▶ WHAT THIS TASK INVOLVES: What is needed is an exact transcription of the line containing "Verschieben von Felsen" and every line after it through the end of the entries below, with no pictures.
*** Opening RECORDS TO USE ***
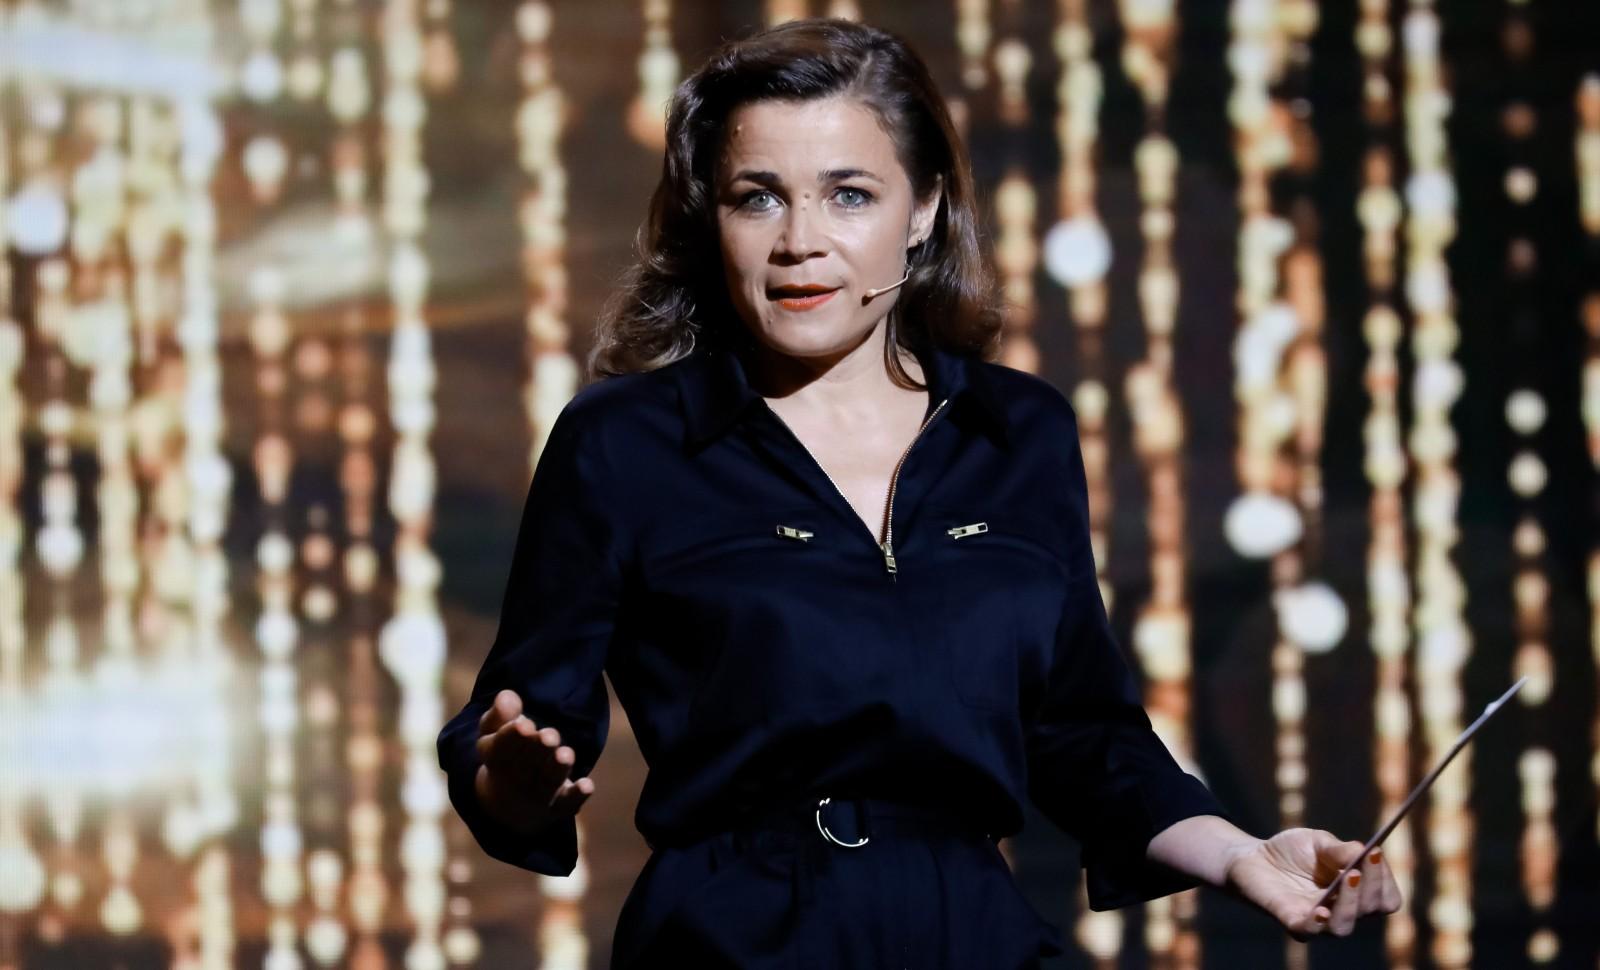 Blanche Gardin à la 30ème cérémonie des Molières le 28 mai 2018 à la salle Pleyel à Paris. © Romuald MEIGNEUX/ SIPA
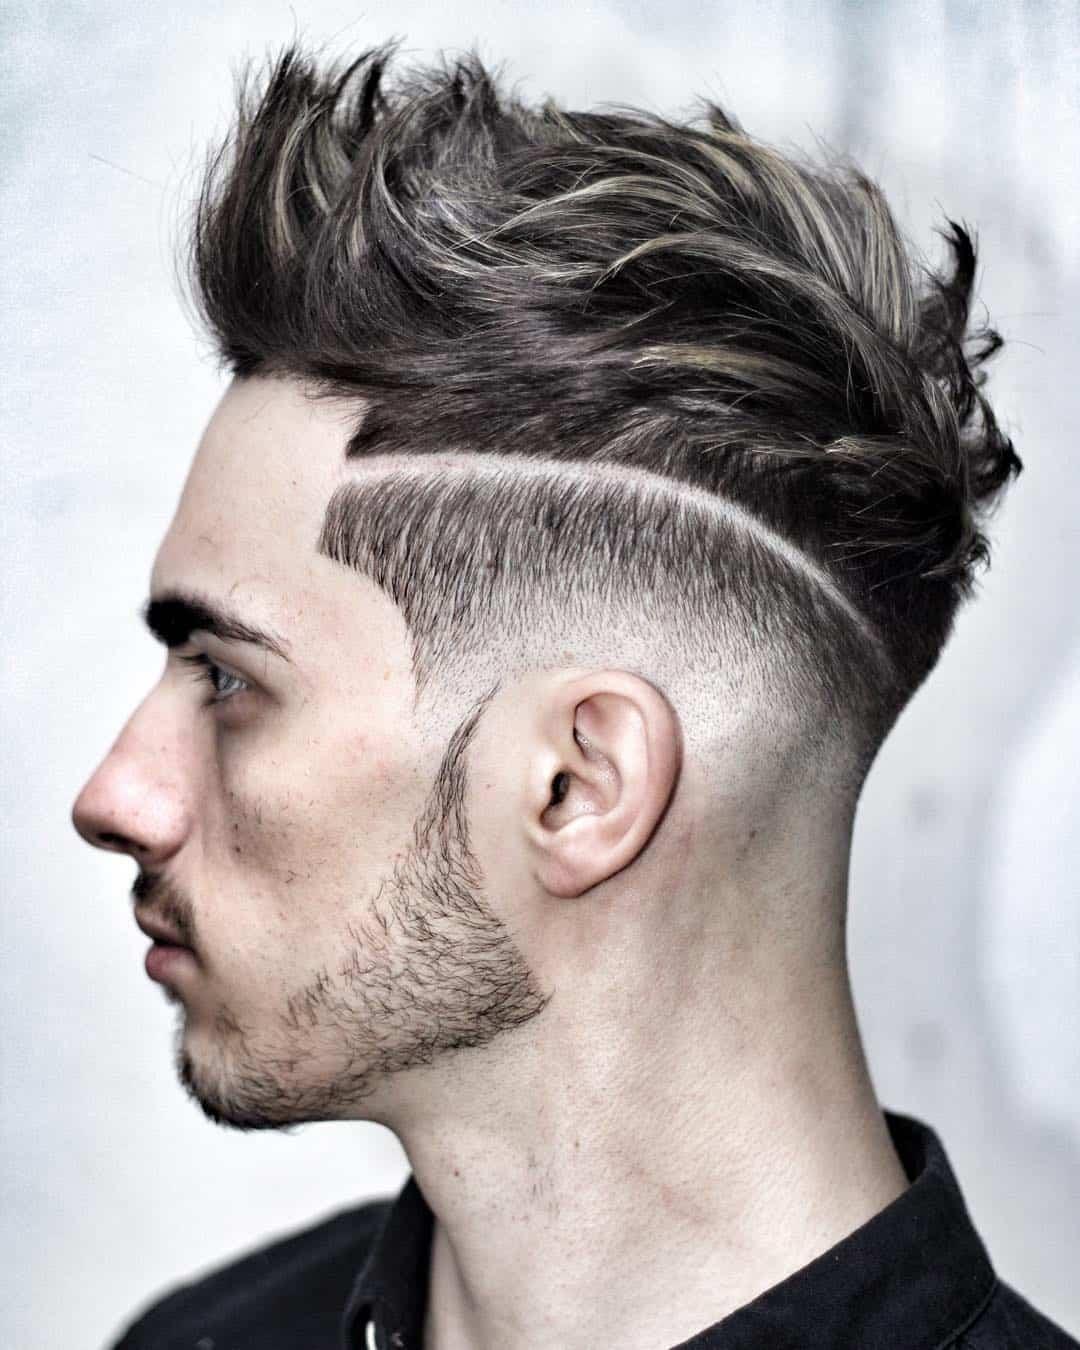 Astounding Stylish Haircuts For Men Short Hairstyles For Black Women Fulllsitofus
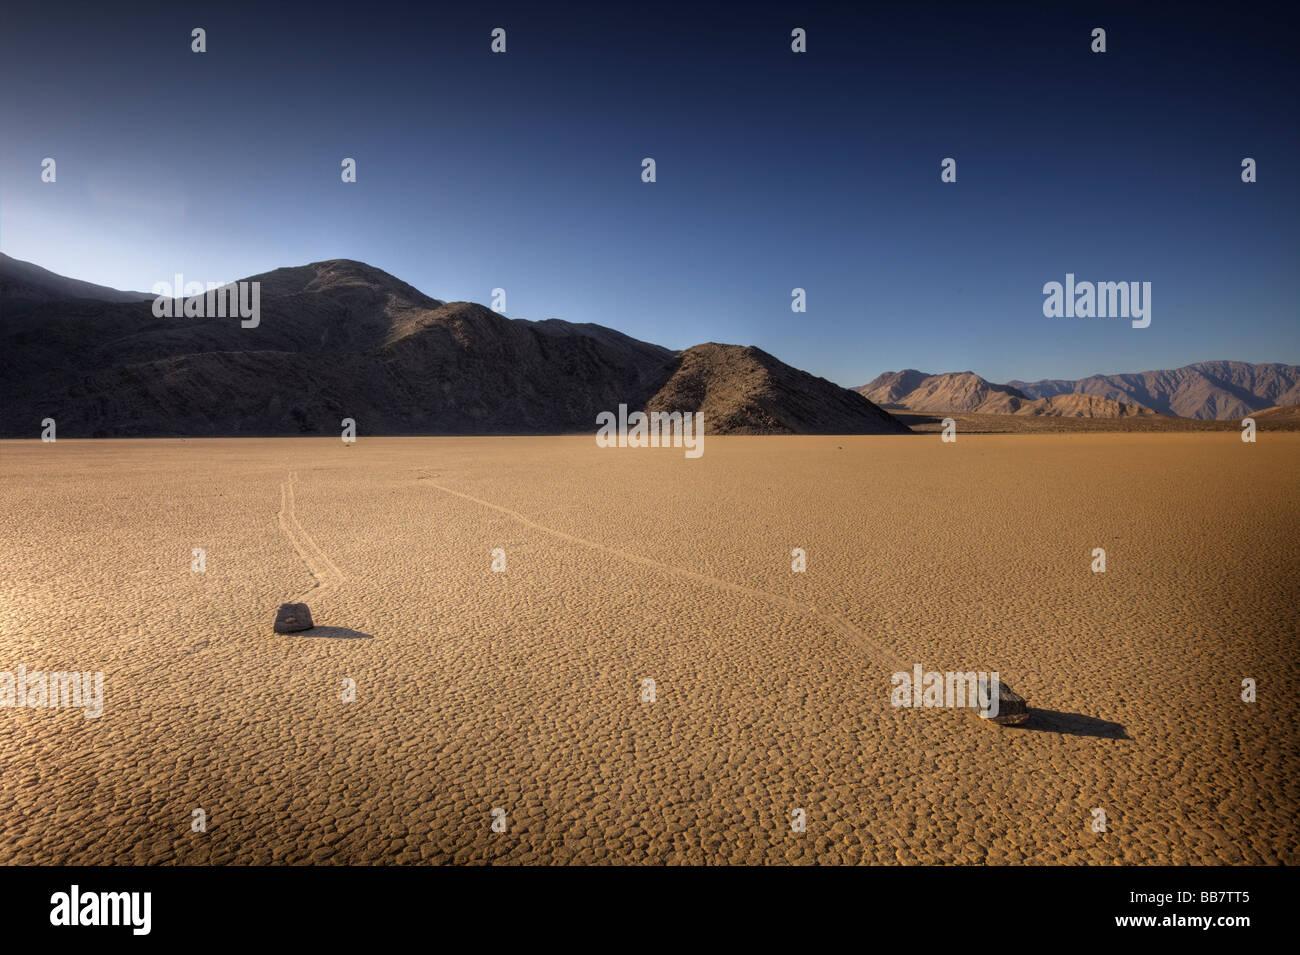 Verschieben von Felsen auf Salinen an der Rennstrecke im Death Valley National Park in Kalifornien, USA Stockbild
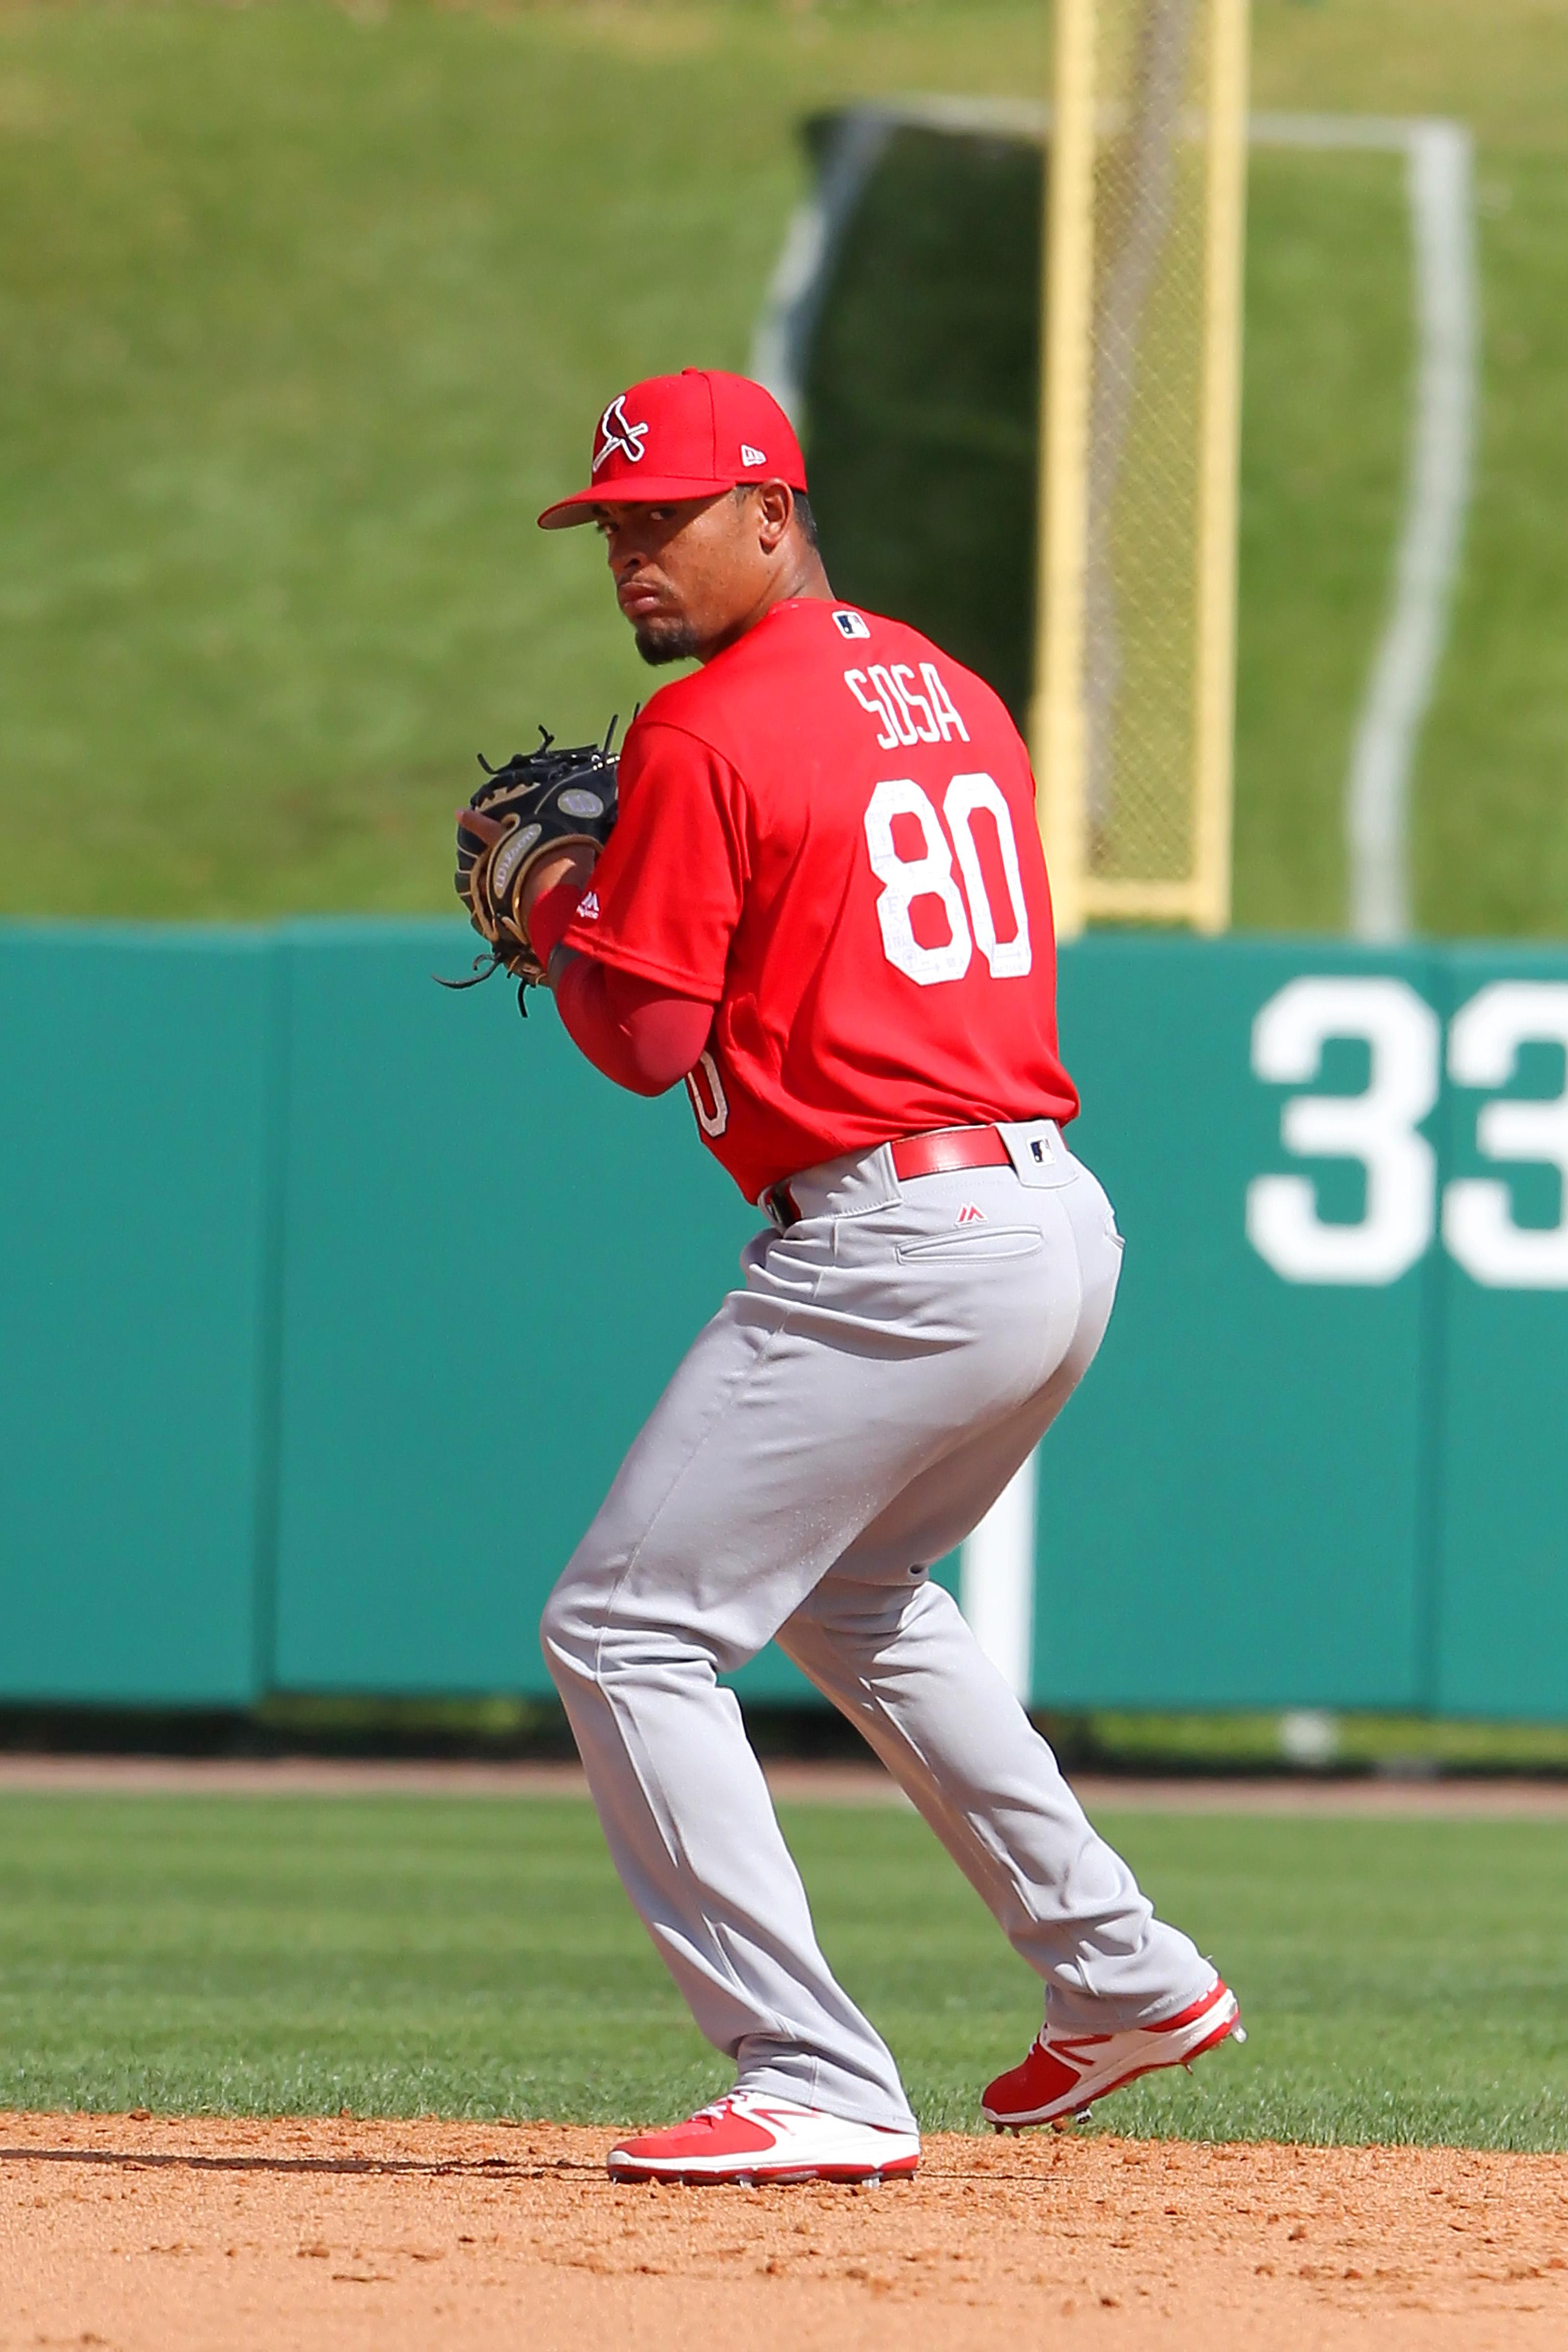 MLB: FEB 28 Spring Training - Cardinals at Braves
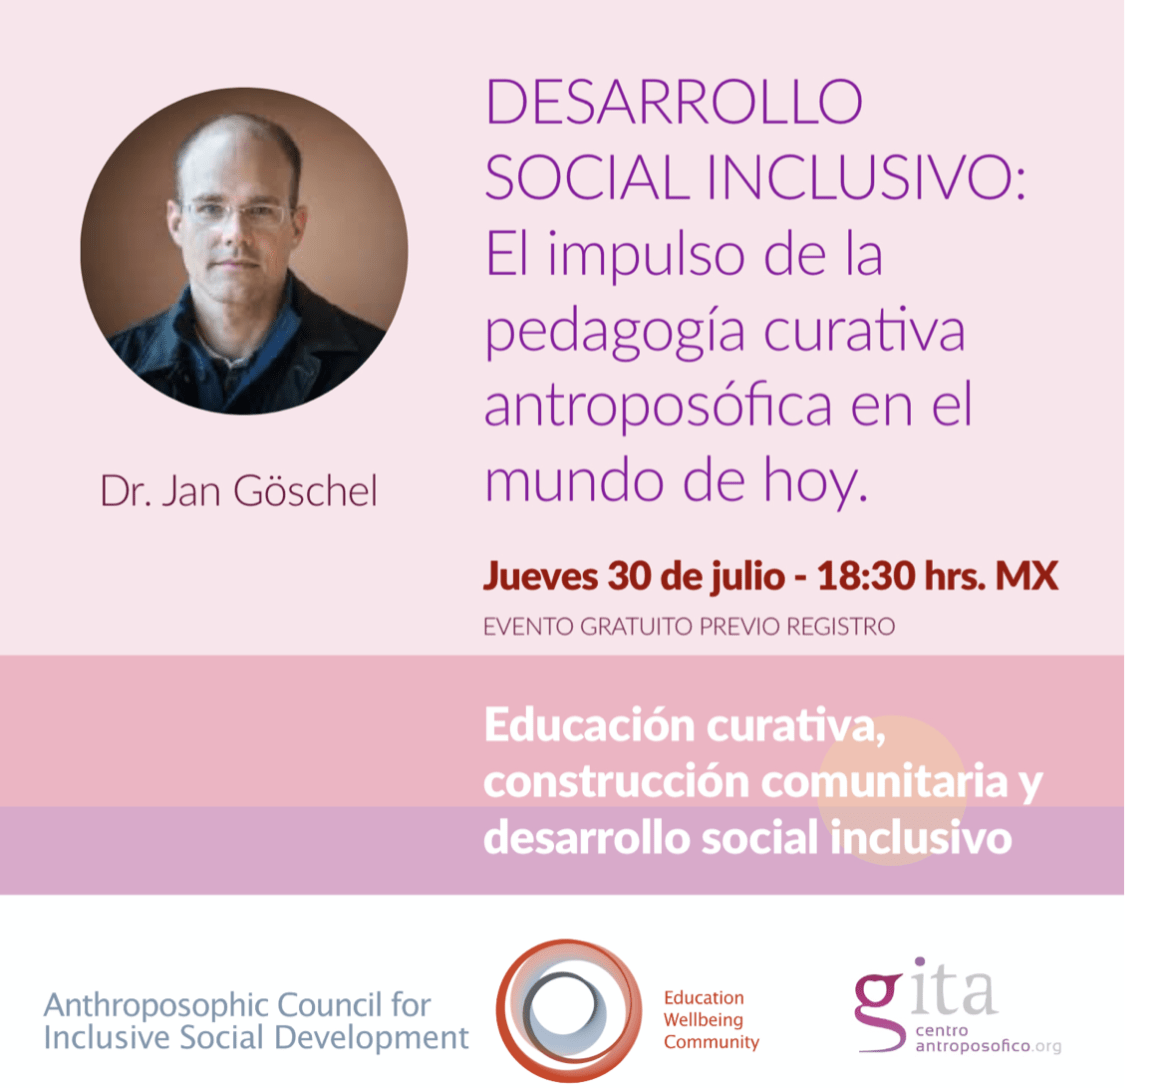 Новый открытый латиноамериканский цикл лекций
*** Closing RECORDS TO USE ***
▶ SOLUTION FOR THIS TASK:
 Verschieben von Felsen auf Salinen an der Rennstrecke im Death Valley National Park in Kalifornien, USA Stockbild
 MLB: FEB 28 Spring Training - Cardinals at Braves
 Новый открытый латиноамериканский цикл лекций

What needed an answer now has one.